Here is a snippet of Usher’s interview with Hill Harper from Essence Magazine. His son is adorable…
Usher sat down with actor and author Hill Harper to talk about the ups and downs of being married, the choices he’s made, putting God first, and his ultimate purpose: being the best father he can be to his baby boy, Usher Raymond V.
HILL HARPER: In the last year, you got married and you’ve had a baby. Which has changed you more?
USHER: They’re both linked—I can’t have one without the other. But the one thing that changed me the most is having a wife. Our child is an extension of that union.
USHER: Because now I represent what he is to become. He’s gonna admire me, he’s gonna look up to me. He’s gonna say, “I wanna be”—or he should say—”I wanna be like my father. I wanna be a man of valor. I wanna possess what my father has as a man.” To get married was a choice. To have a child is a responsibility.
HARPER: Does that new responsibility challenge you to make music that is more responsible?
USHER: I started making Here I Stand before I had my son and before I was married.
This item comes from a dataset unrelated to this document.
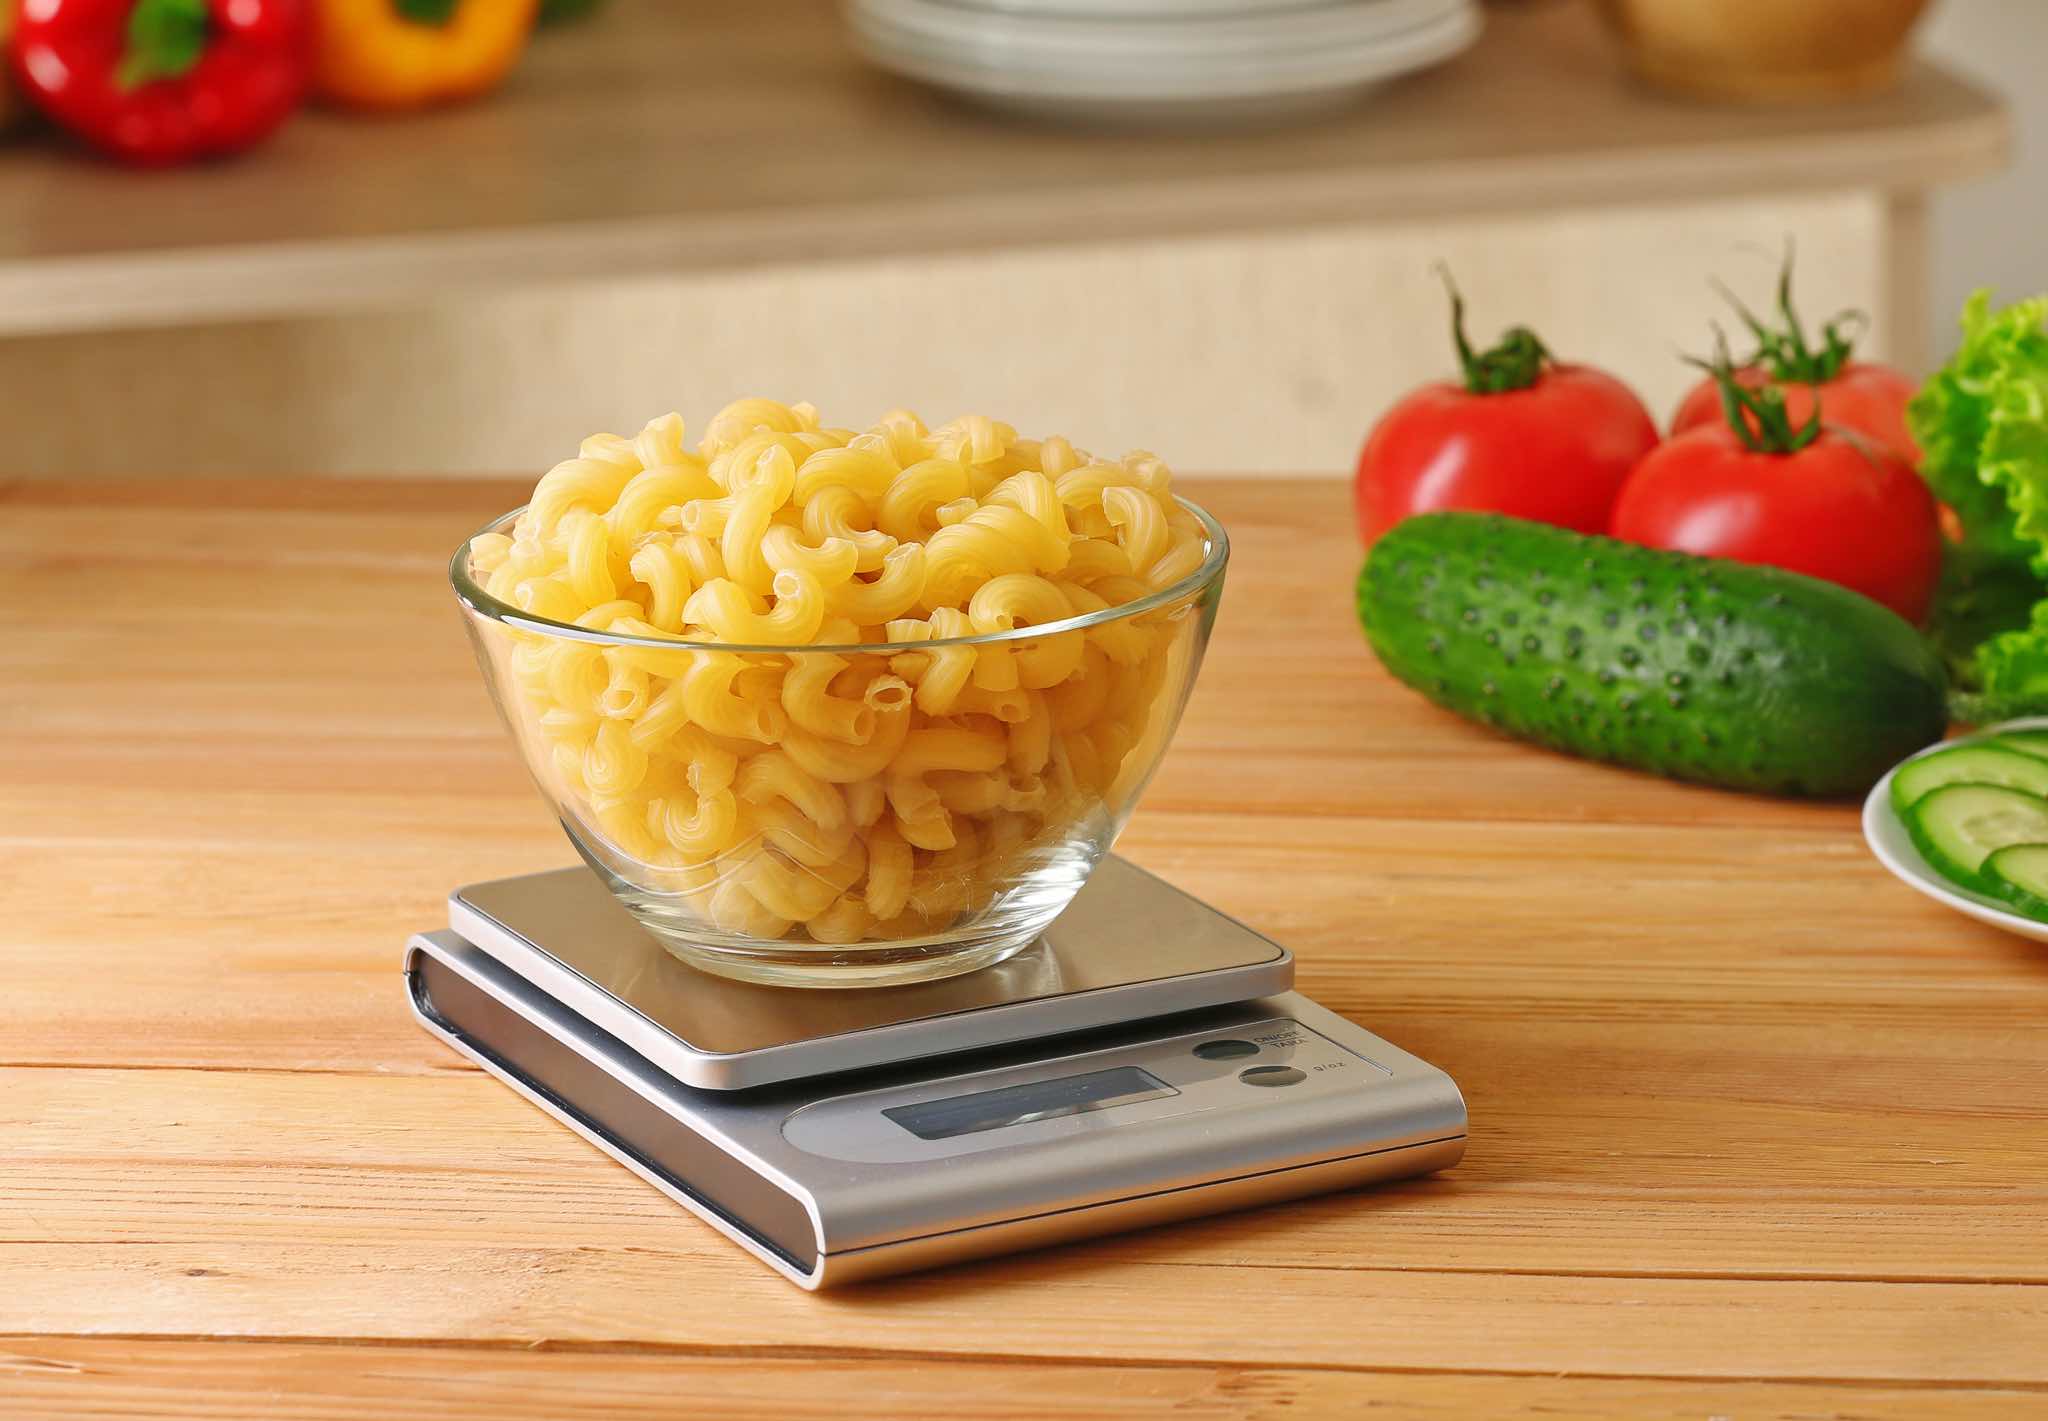 How much macaroni do you cook per person?

It was a deliberate choice to make music with substance, not just about the things that we’re accustomed to—music about being the celebrity, the player, or having the car, the girl and the bling.
HARPER: Your father wasn’t around to raise you. How do you plan to be different for your son than your father was for you?
USHER: Just simply being there. I don’t judge my father because I forgave him for anything he’d ever done to hurt me unintentionally. My father and I had a very short amount of time together throughout my entire life, but the most valuable time was during his final days. He asked me to forgive him for not being there. He asked me to give him a chance, give him a shot because he loved me, and he had always loved me. But it was very difficult for him to be in the situation he was in and be the example he wanted me to follow. So he intentionally stayed away. And he was kept away from me too. He didn’t like it, but he didn’t fight it because he knew he wasn’t living right.